Eastern Long Island, where I live, is a microcosm of the health insurance mess in the United States.
In recent days, residents have been receiving a draconian notice from Empire BlueCross BlueShield, the area’s largest health insurer and a division of the biggest health insurer in the nation. “Important Hospital Termination Notice,” it’s headed.
It advises Empire Plan members that unless an “agreement” is reached with the three hospitals that serve eastern Suffolk County, “effective August 1, 2009” each of the hospitals “will no longer be a participating provider with Empire BlueCross BlueShield.”
Empire members would have to pay “out of network” at Southampton Hospital, Peconic Bay Medical Center in Riverhead and Eastern Long Island Hospital in Greenport, except for a few categories including “cases of emergency.”
The Empire letter gives a list of “alternate hospitals”—many miles to the west—including Good Samaritan Hospital in West Islip, Huntington Hospital, St. Catherine of Siena Hospital in Smithtown and Southside Hospital in Bay Shore. Consider the trips of many miles from Montauk or East Hampton or Southampton or Shelter Island or Riverhead to and from these hospitals, especially for the sick.
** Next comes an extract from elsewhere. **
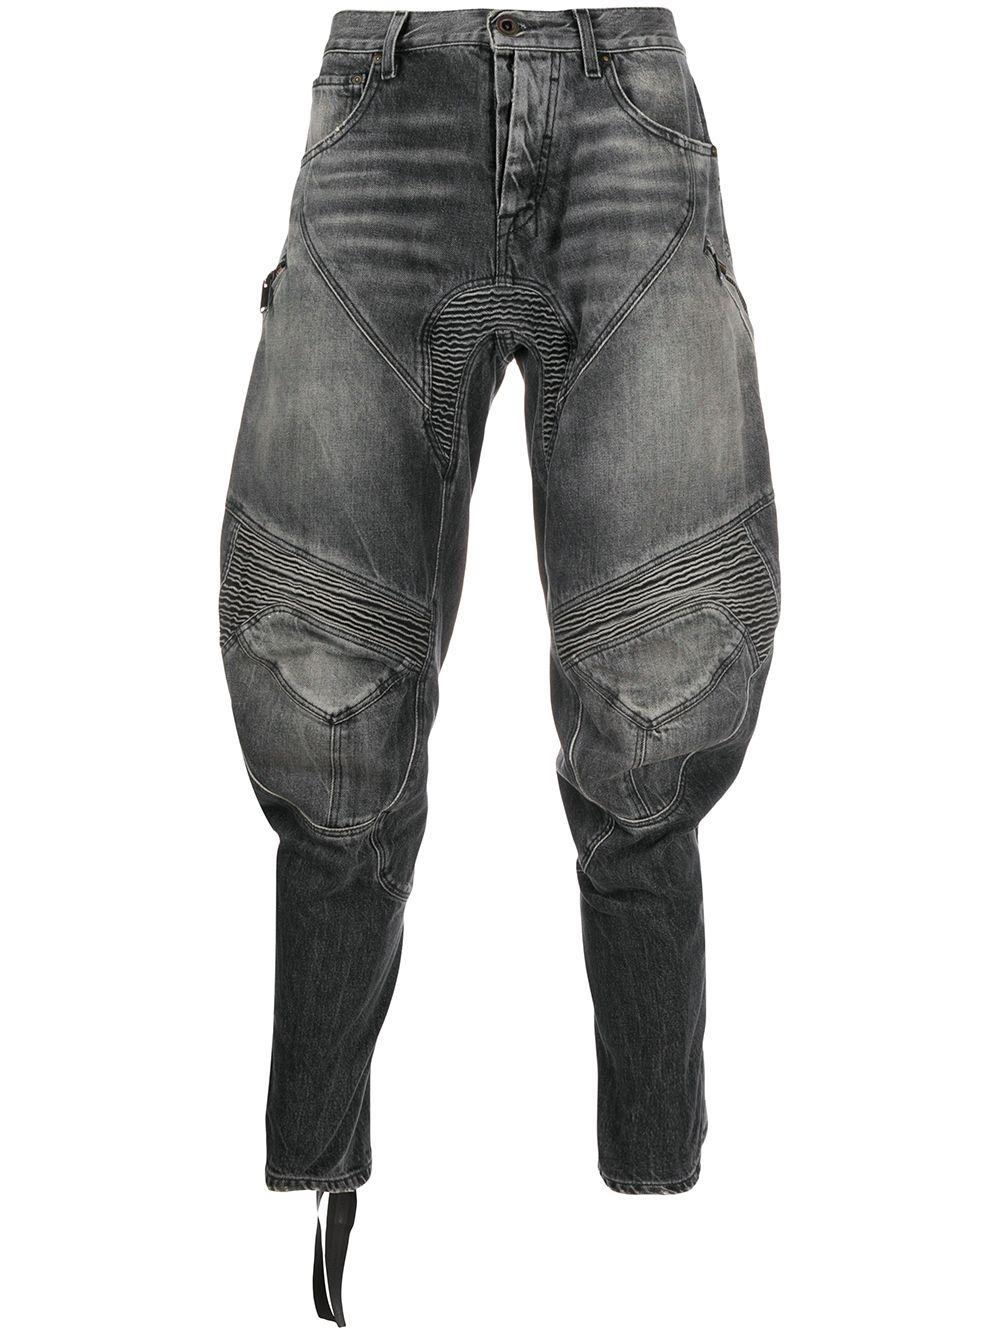 tapered biker jeans

Importantly, Stony Brook University Medical Center—the tertiary care hospital for Suffolk, the place where the most serious and complex medical care is provided—is not on the list. That’s because Empire hasn’t settled on rates with it either, so Empire is getting set to cut off Stony Brook also on August 1.
It’s a health care outrage. People and businesses and government entities are paying great amounts of money for Empire Plan insurance. Hospitals are struggling. Meanwhile, health insurers are making huge profits. The Empire plan is no longer that non-profit mainstay of health insurance in New York State. Five years ago, it was gobbled up by a for-profit company based in Indianpolis, Indiana called WellPoint.
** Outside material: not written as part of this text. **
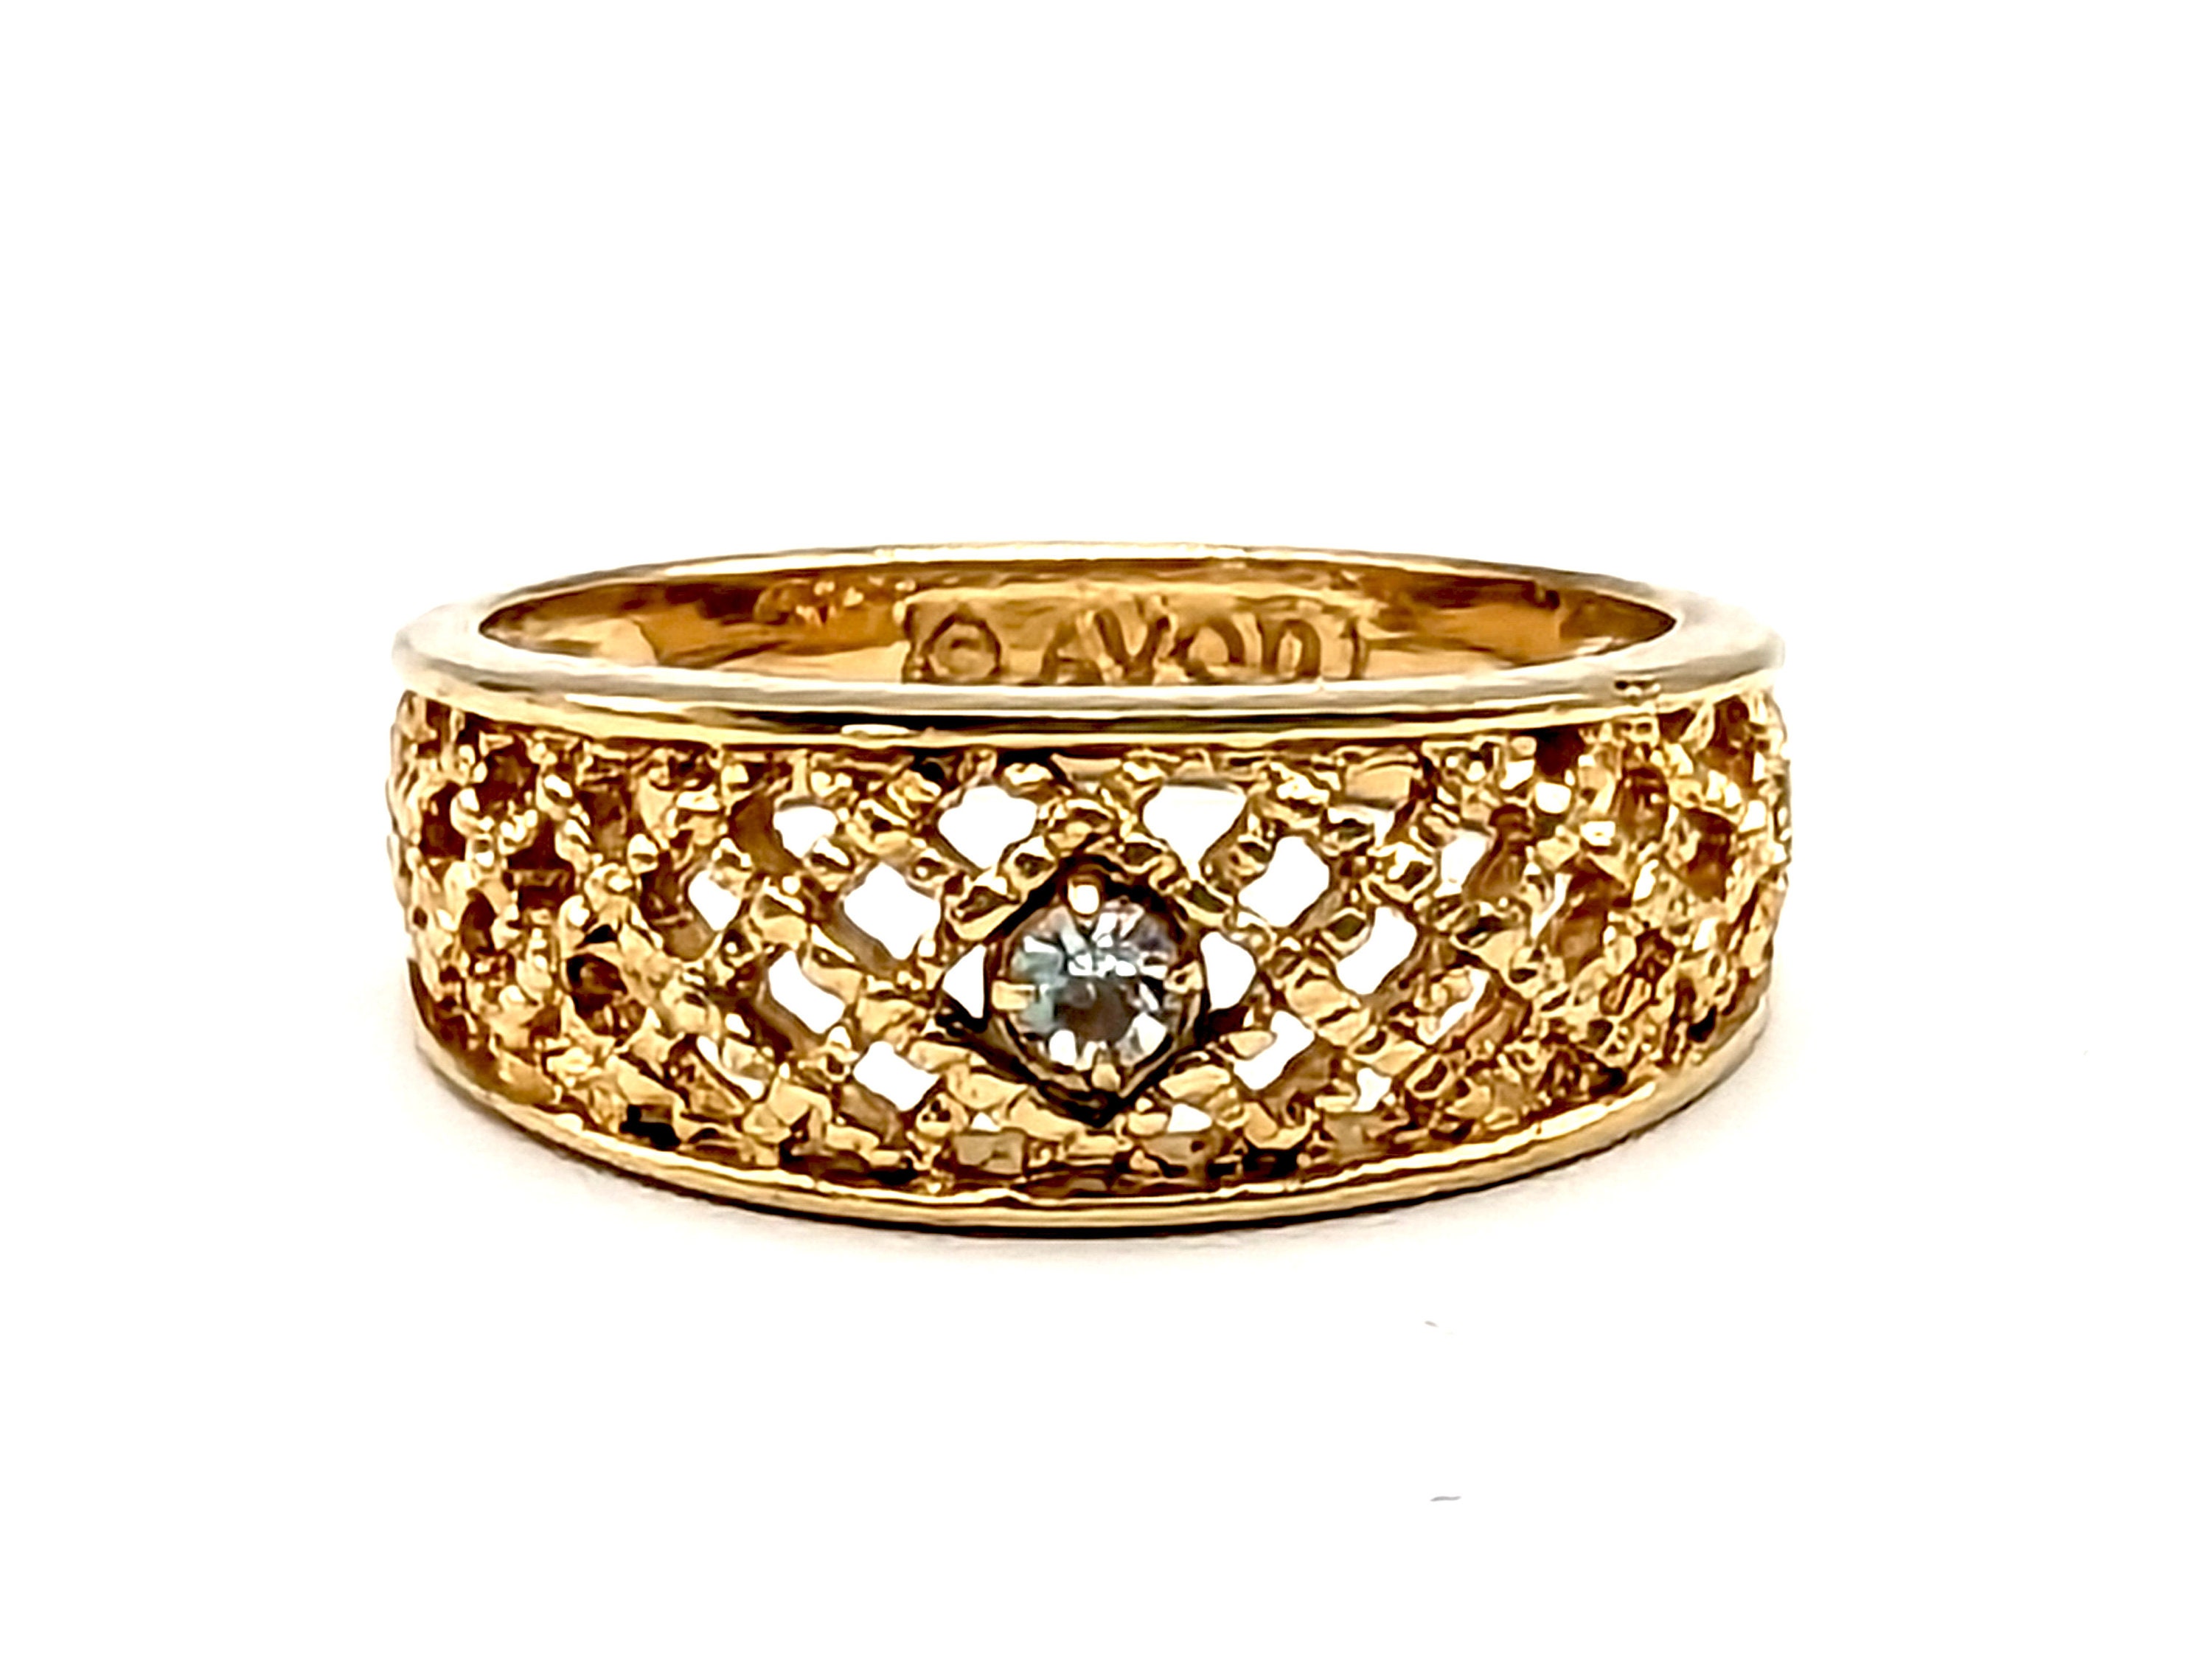 Vintage Avon Ring | Vintage avon, Avon jewelry, Avon rings

WellPoint, notes Paul Connor, president and chief executive officer of Eastern Long Island Hospital, reported profits last year of $2.5 billion.
Connor, chairman of the East End Health Alliance—a grouping of the three East End hospitals—said the three simply “want to negotiate fair rates” from Empire. There’s a “mismatch,” said O’Connor, in the combination of non-profit hospitals and the for-profit health insurers. It’s a mismatch that has become the basic health care combination in the U.S.
(The other major health insurance entities in this region, GHI and HIP, also switched to becoming profit-making entities in recent years joining into EmblemHealth.)
Kevin Dahill, head of the Nassau-Suffolk Hospital Council, which represents 24 hospitals, said what is happening to the three eastern Suffolk hospitals and Stony Brook is “not an isolated event.”
The health insurers should function as “someone in the middle to broker” between health care providers and employers who buy health insurance for their employees or the employees themselves. But that’s not the case as health insurers have “risen to a level of dominance.” He said: “It’s like you selling your house and the person who walks away with most of the money is the real estate agent.”
“It’s an absurd business,” said Dahill.
It is, yes, wholly absurd—and life-threatening. The health and lives of millions upon millions of Americans are at stake as the private health insurers grab 30 to 40 percent of the money they receive—and on eastern Long Island and elsewhere focus on short-changing hospitals, doctors and patients to get their profits higher. (In comparison, non-profit Medicare has 5 percent overhead.)
The “termination” which Empire is threatening the hospitals should instead be what happens to Empire. It and the for-profit health insurance companies that have become central to health care in recent years should be eliminated.
The sensible solution now being debated nationally is for the U.S. government to create a single-payer or “Medicare for-all” national non-profit health care program. Polls show a large majority of Americans, and their doctors, support this. Meanwhile, the for-profit health insurance industry is fighting back—while undercutting health care here and everywhere else in America.
Getting in touch with your representatives in Congress and offering your view would be important.